**REQUIRED ACTION**
Where the line containing "Foram presos porque" appears below, begin there and reproduce each line exactly through the last one, omitting pictures.

**AVAILABLE DATA**
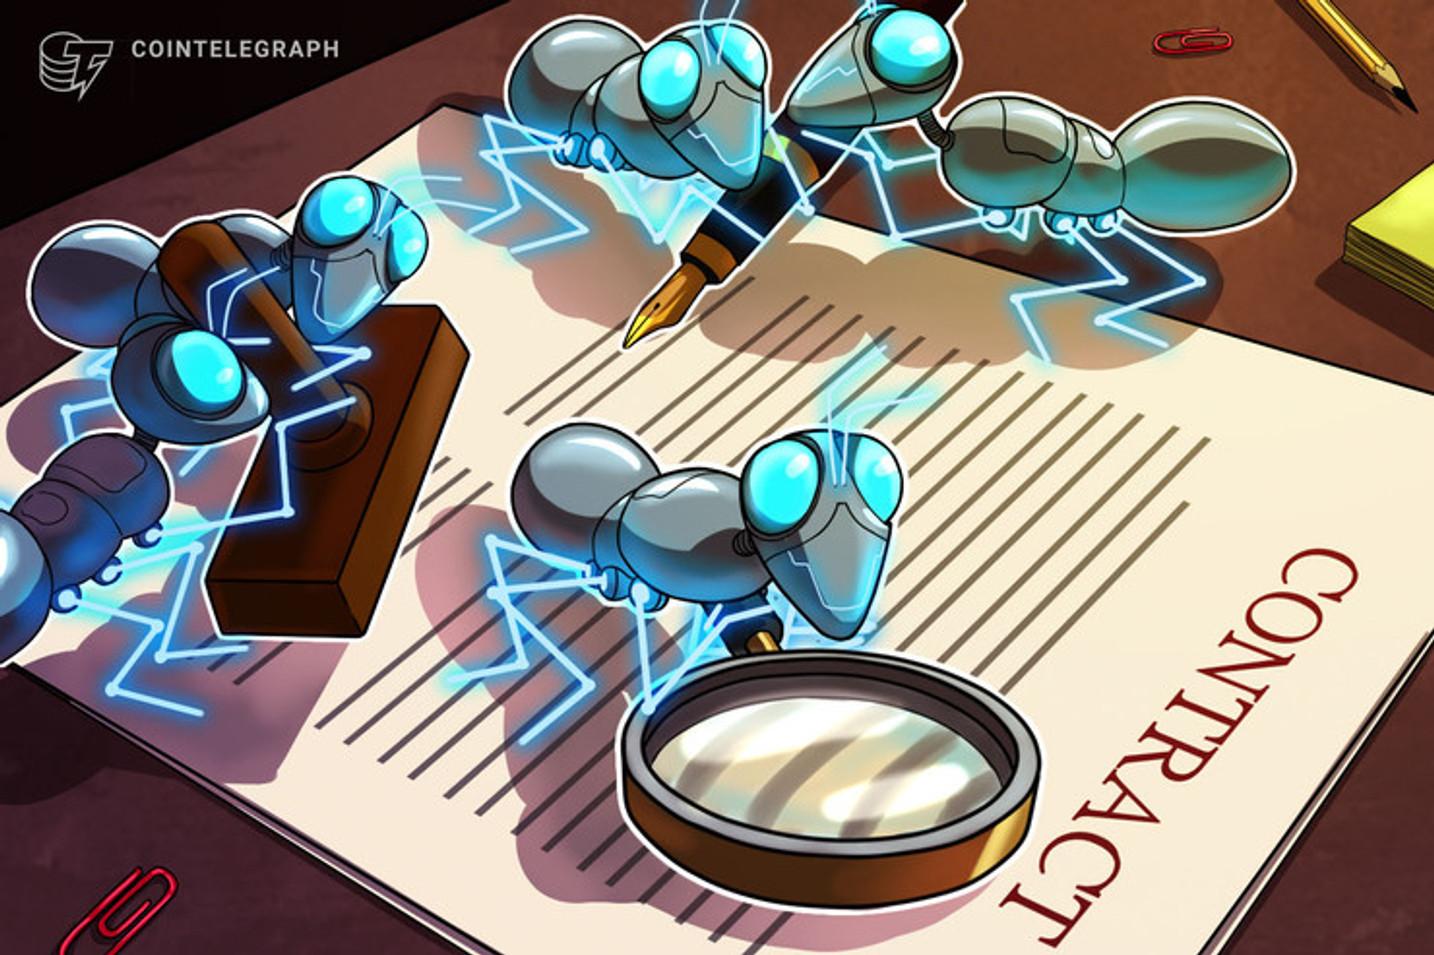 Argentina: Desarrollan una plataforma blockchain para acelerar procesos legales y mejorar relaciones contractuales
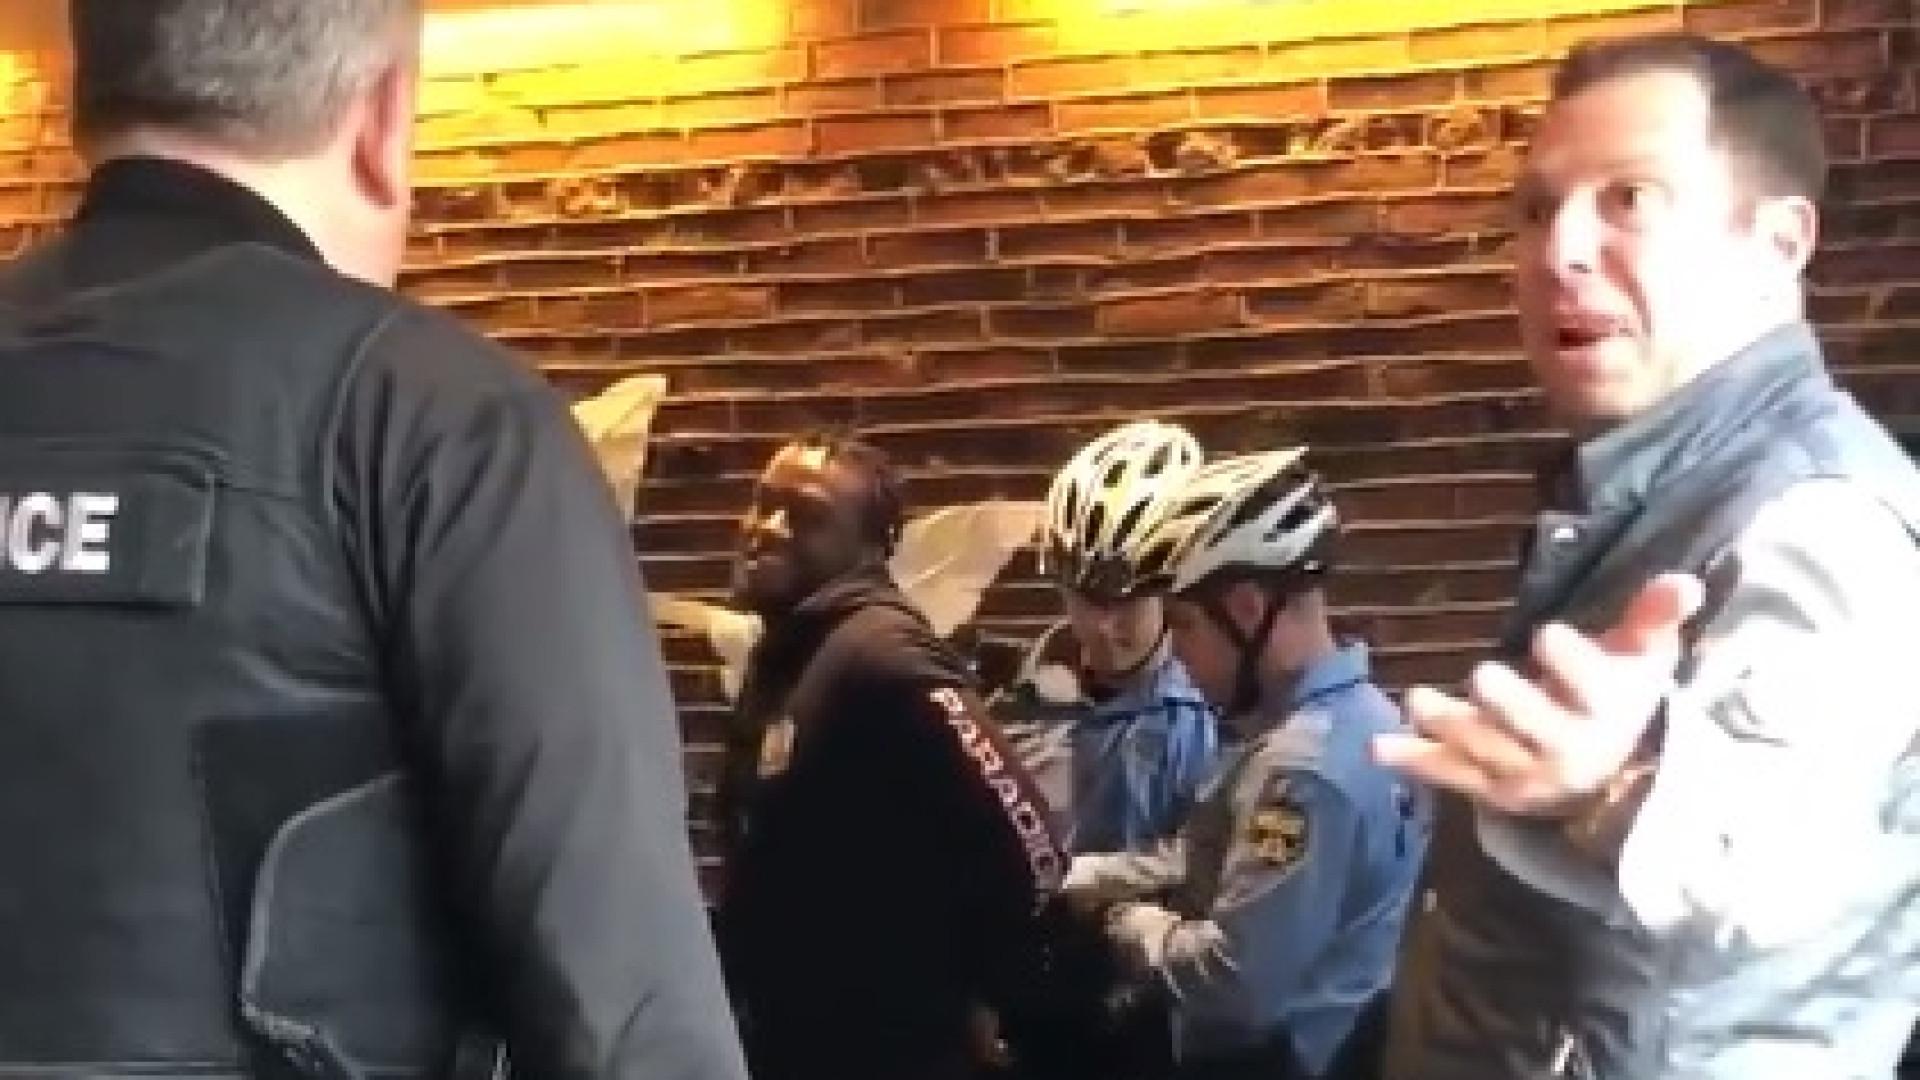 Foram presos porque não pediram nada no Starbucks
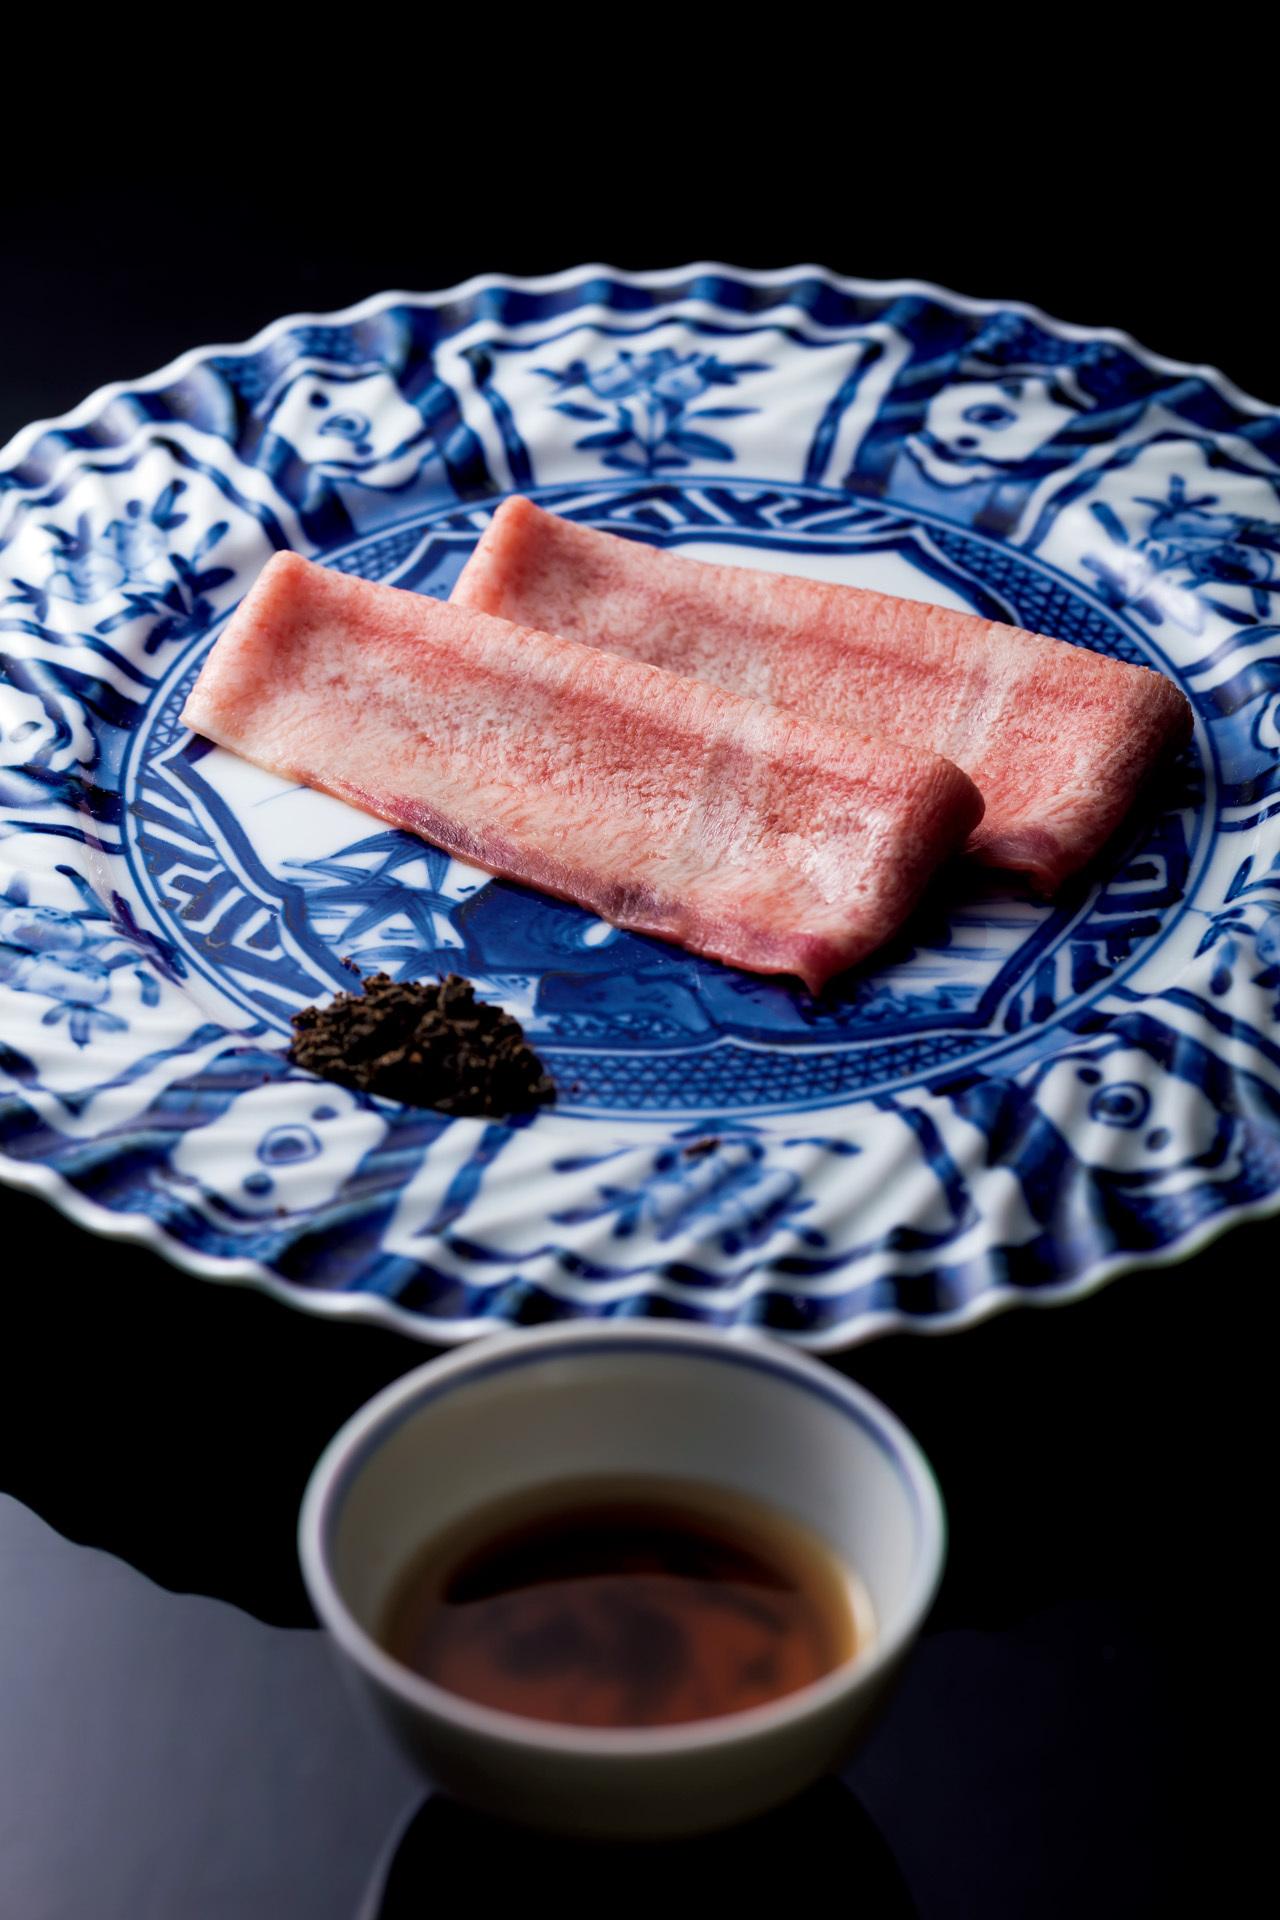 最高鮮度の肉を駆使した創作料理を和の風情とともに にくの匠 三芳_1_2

**COMPLETED TASK**
 Foram presos porque não pediram nada no Starbucks
 最高鮮度の肉を駆使した創作料理を和の風情とともに にくの匠 三芳_1_2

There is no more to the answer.